The inclination of the right glass 102A and the left glass 102B with respect to the transparent glasses 101A and 101B (or, in other words, their orientation with respect to the reference planes Pr1 and Pr2) allows the user to see simultaneously through the right glass 102A and through the left glass 102B both the objects of the real world and the virtual images returned by the screens 103A and 103B.

Figure 3 shows a schematic 3D view of the transparent glasses 101A and 101B mutually positioned as glasses and placed in front of the glasses 102A and 102B, respectively, which are also mutually positioned as glasses and which are inclined with respect to the transparent glasses 101A and 101B. From the figure it is clear that looking at the real world objects placed in the system's field of view through the transparent glasses 101A and 101B would necessarily involve seeing the same real world object not only through the transparent glasses 101A and 101B, but also through the glasses 102A and 102B.
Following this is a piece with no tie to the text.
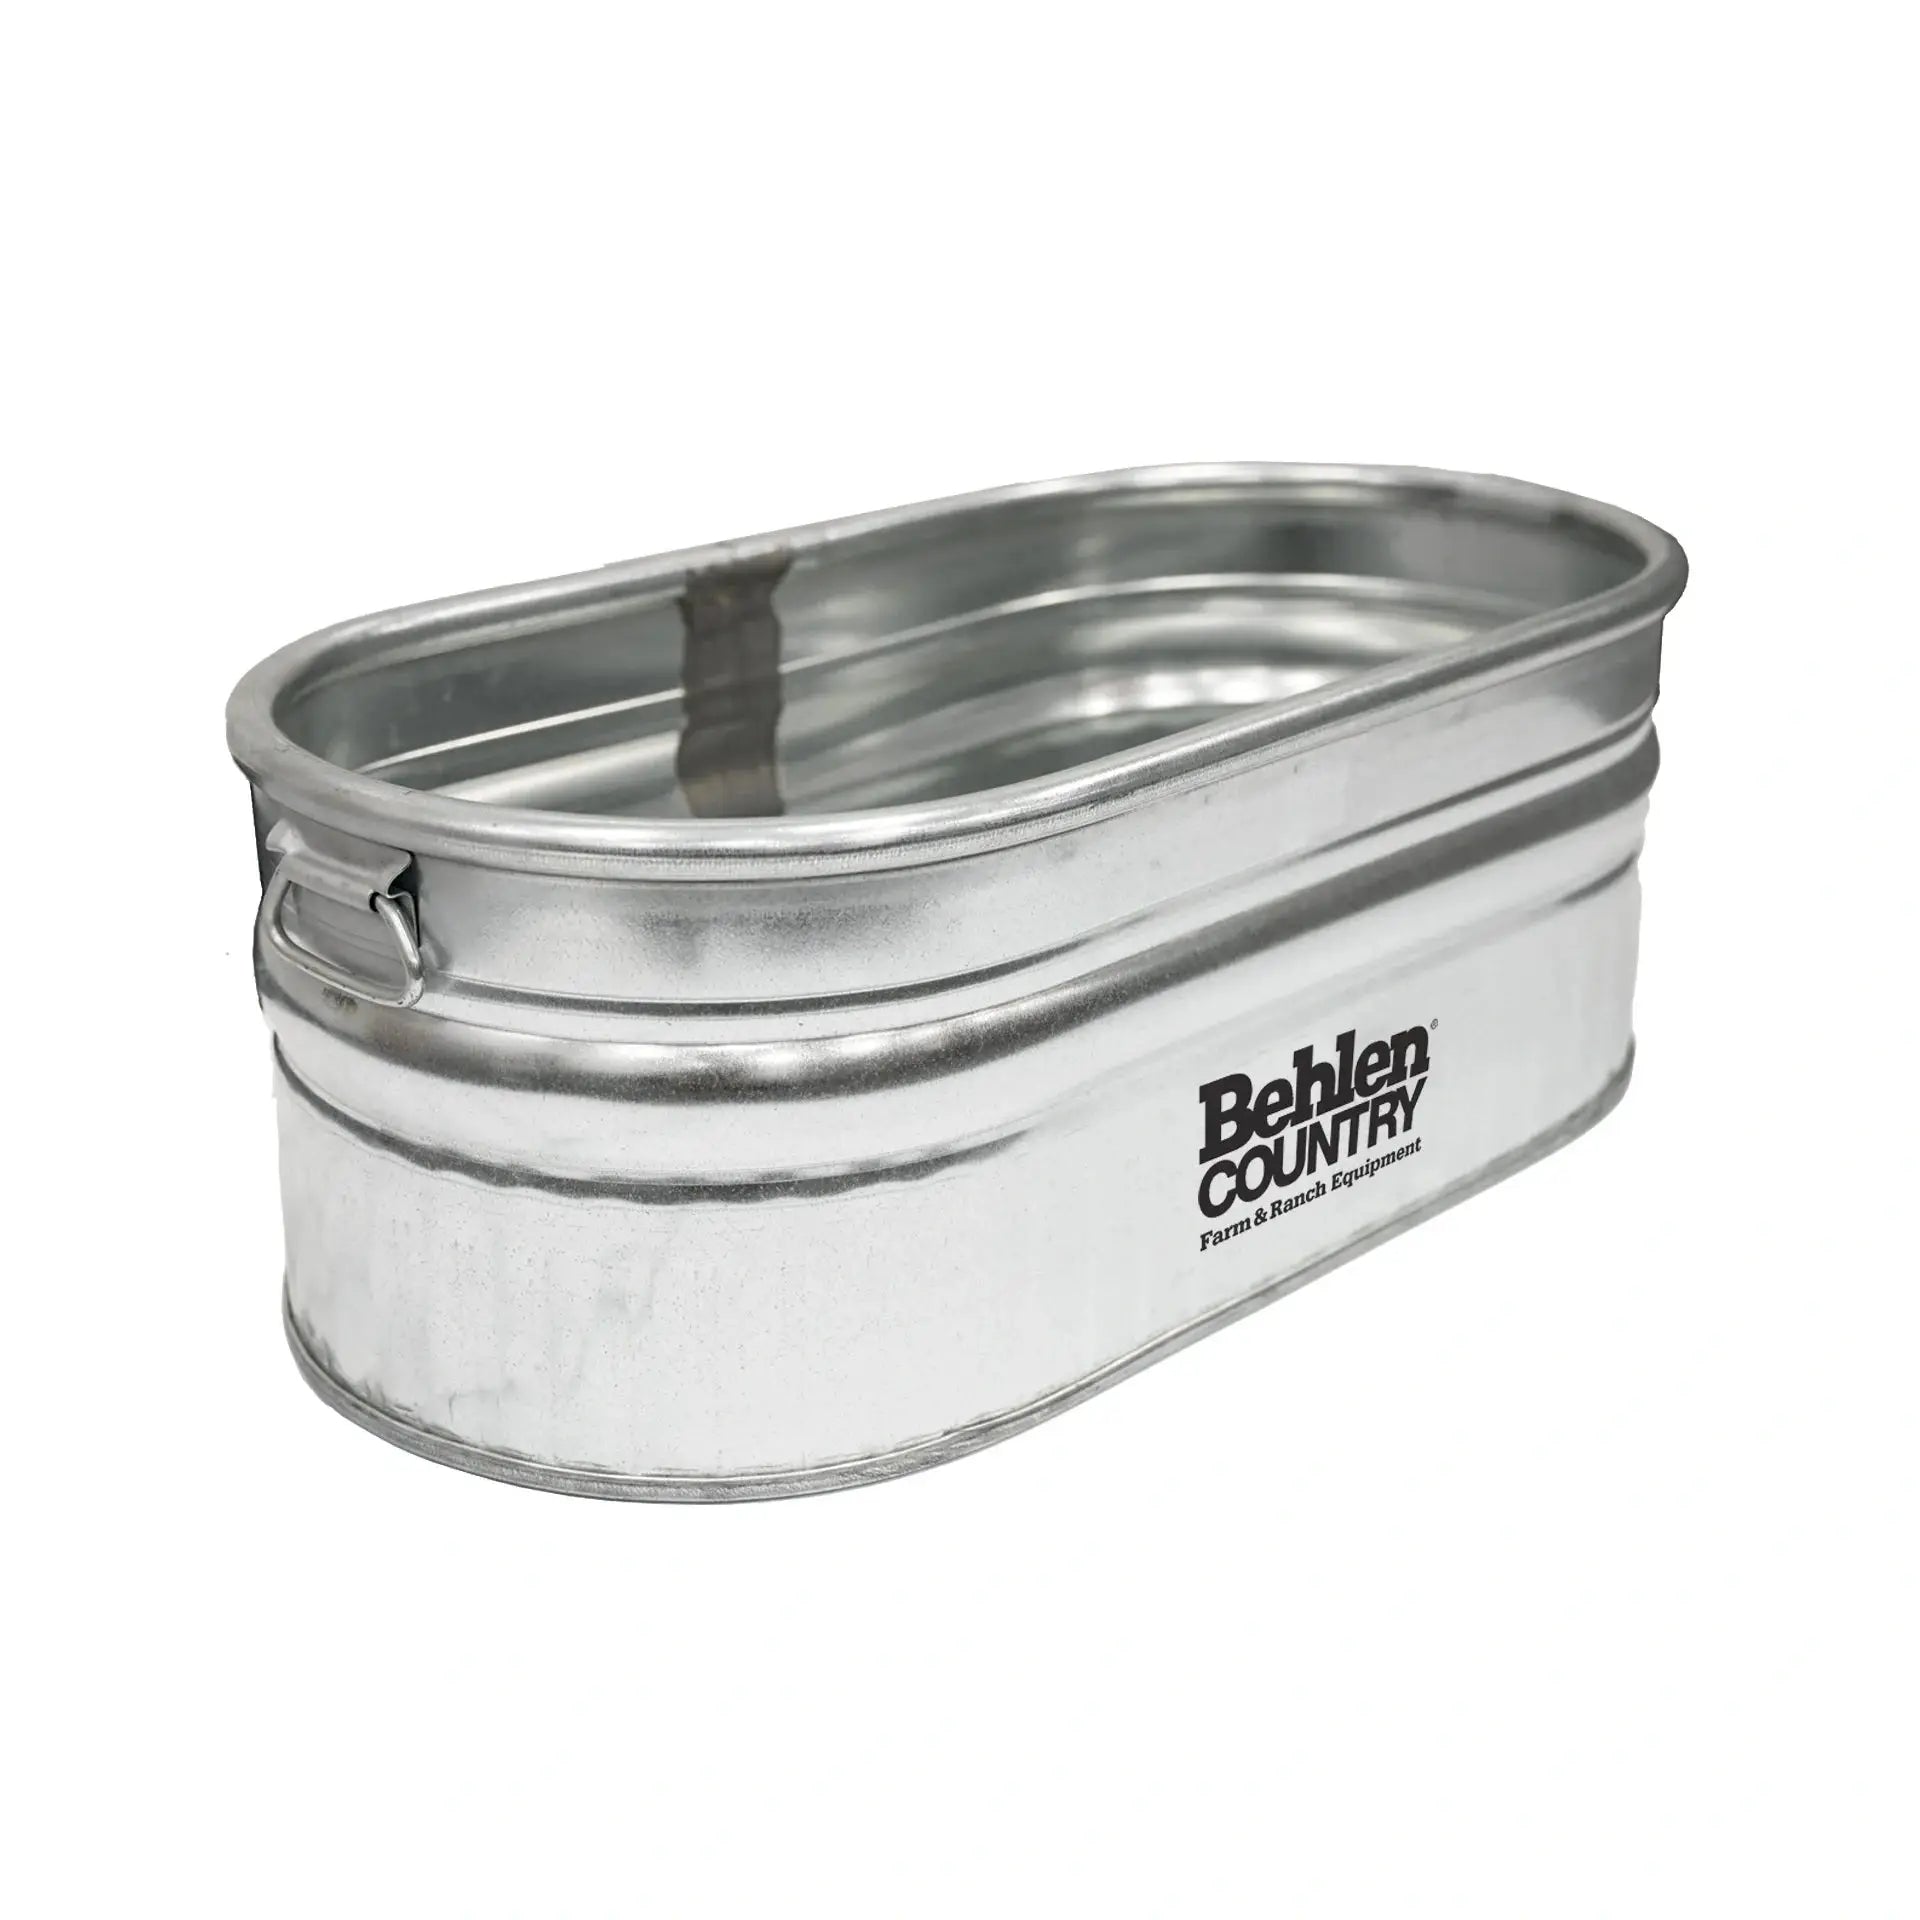 Behlen Country - Shallow Utility Tank with Handles (25 gal)

The previously anticipated focusing means are suitable for focusing the virtual images returned by the restitution means on the second optical means so that the user who looks at the real world images through the first and second optical means sees the virtual objects superimposed on the real world images. In the system shown in the figures, the focusing means comprises a right biconvex lens 104A and a left biconvex lens 104B. The right biconvex lens 104A is substantially parallel to the right screen 103A and is located in the region between the right screen 103A and the glass 102A so as to allow viewing of the images returned by the right screen 103A through the right glass 102A. Similarly, the left biconvex lens 104B is parallel to the left screen 103A and is placed in the region between the left screen 103B and the left glass 102B so as to allow viewing of the images returned from the left screen 103A through the left glass 102B. In particular, the left and right biconvex lenses 104A a and 104B are suitable for focusing the virtual images returned by the screens 103A and 103B, respectively, for the user's right eye and for the user's left eye, respectively. so as to allow the user's eyes to focus at the same time and on the same focal point the real world objects seen through both the transparent glasses 101A and 101B and the glasses 102A and 102B as explained above, and the three-dimensional virtual images returned by the screens 103A and 103B according to the stereoscopy technique. Even more particularly, the biconvex lenses 103A and 103B are suitable for forming an image of the three-dimensional virtual objects returned by the restitution means at an infinite distance, i.e. at the focal point of the parallel rays (infinite focus) so that, for users of the system 100 , both real world objects and three-dimensional virtual objects are focused at the same time and at the same focal point.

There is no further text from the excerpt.